Conviértete ahora, cuando aún te sientes joven… ¡Qué difícil es rectificar cuando ha envejecido el alma!

«Felix culpa!», canta la Iglesia… Bendito error el tuyo —te repito al oído—, si te ha servido para no recaer; y también para mejor comprender y ayudar al prójimo, que no es de más baja calidad que tú.

¿Es posible —preguntas después de haber rechazado la tentación—, es posible, Señor, que yo sea… ese otro?

Voy a resumirte tu historia clínica: aquí caigo y allá me levanto…: esto último es lo importante. —Pues sigue con esa íntima pelea, aunque vayas a paso de tortuga. ¡Adelante!

—Bien sabes, hijo, hasta dónde puedes llegar, si no luchas: el abismo llama a otros abismos.

Estás avergonzado, delante de Dios y de los demás. Has descubierto en ti roña vieja y renovada: no hay instinto, ni tendencia mala, que no sientas a flor de piel… y tienes la nube de la incertidumbre en el corazón. Además, aparece la tentación cuando menos lo quieres o la esperas, cuando por fatiga afloja tu voluntad.

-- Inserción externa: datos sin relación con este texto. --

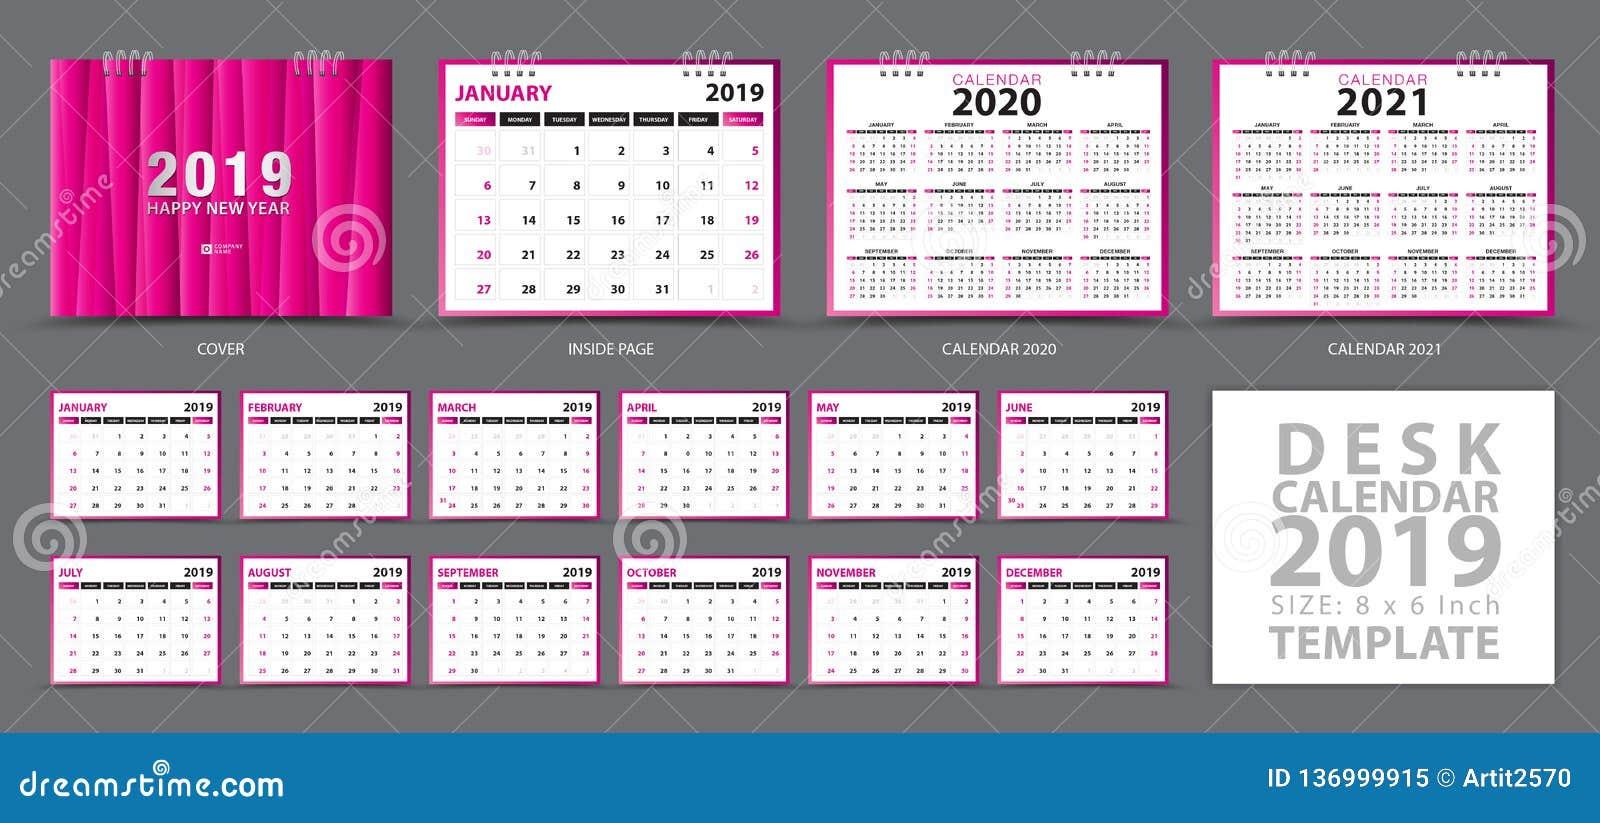 Biurko kalendarza 2019 szablon, set 12 miesiąca, kalendarz 2019, 2020, 2021 grafika
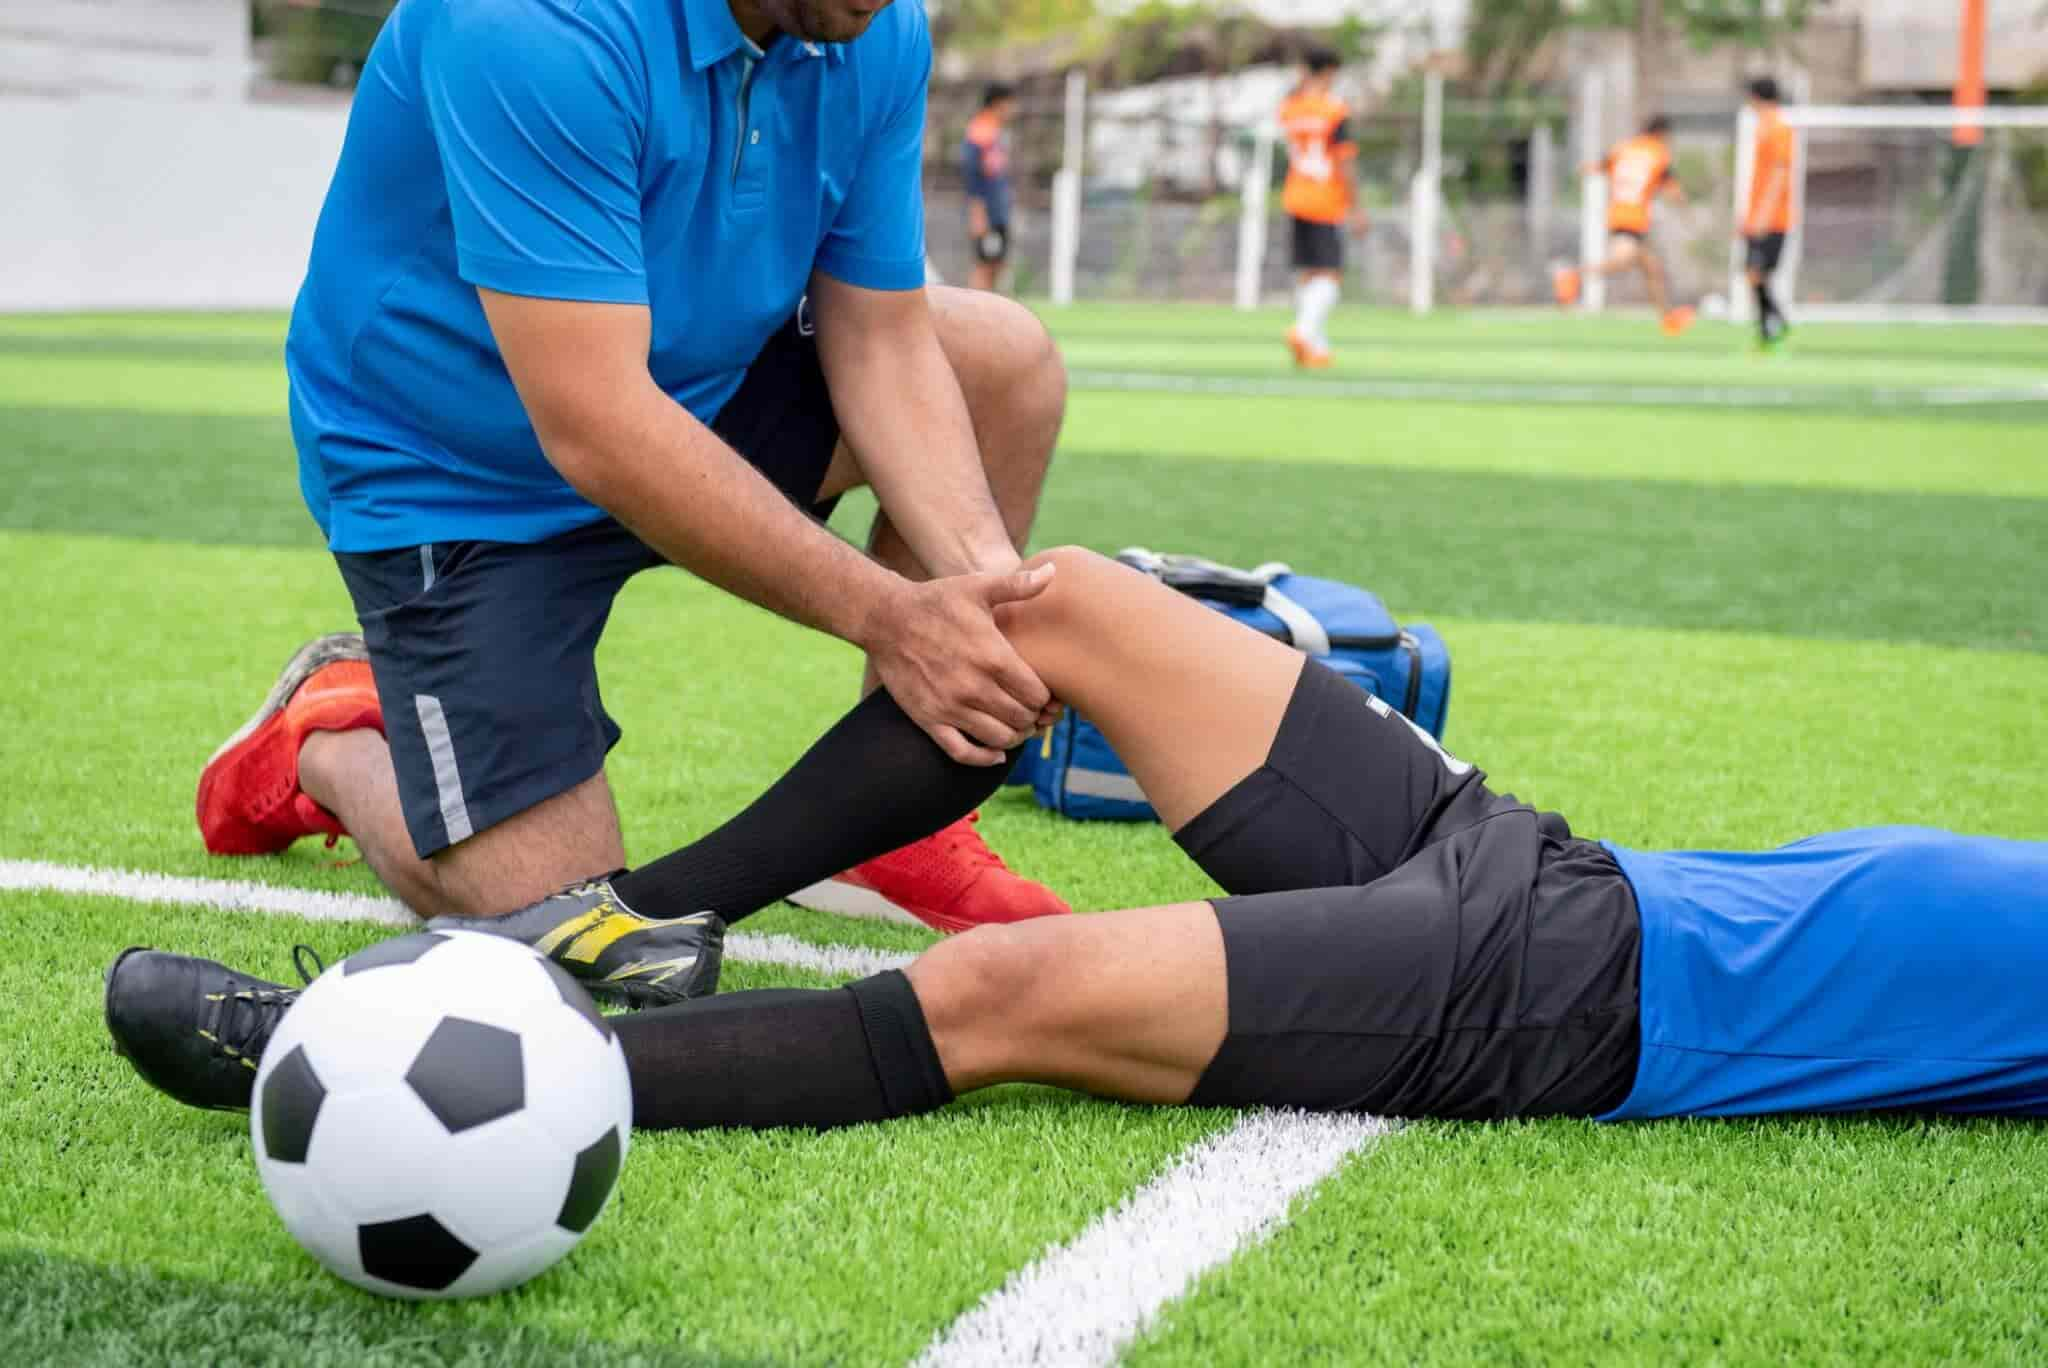 Injured Soccer Athlete with Injury

No sabes ya si te humilla, aunque te duele verte así… Pero que te duela por El, por Amor de El; esta contrición de amor te ayudará a permanecer vigilante, porque la pelea durará mientras vivamos.

¡Qué grandes deseos te consumen de resellar la entrega que hiciste en su momento: saberte y vivir como hijo de Dios!

—Pon en las manos del Señor tus muchas miserias e infidelidades. También, porque es el único modo de aliviar su peso.

Renovación no es relajación.

Días de retiro. Recogimiento para conocer a Dios, para conocerte y así progresar. Un tiempo necesario para descubrir en qué y cómo hay que reformarse: ¿qué he de hacer?, ¿qué debo evitar?

Que no se vuelva a repetir lo del año pasado.

—“¿Qué tal el retiro?”, te preguntaron. Y contestaste: “hemos descansado muy bien”.

Días de silencio y de gracia intensa… Oración cara a cara con Dios…

He roto en acción de gracias, al contemplar a aquellas personas, graves por los años y por la experiencia, que se abren a los toques divinos y responden como niños, ilusionadas ante la posibilidad de convertir aún su vida en algo útil…, que borre todos sus descaminos y todos sus olvidos.

—Recordando aquella escena, te he encarecido: no descuides tu lucha en la vida de piedad.

«Auxilium christianorum!» —Auxilio de los cristianos, reza con seguridad la letanía lauretana. ¿Has probado a repetir esa jaculatoria en tus trances difíciles? Si lo haces con fe, con ternura de hija o de hijo, comprobarás la eficacia de la intercesión de tu Madre Santa María, que te llevará a la victoria.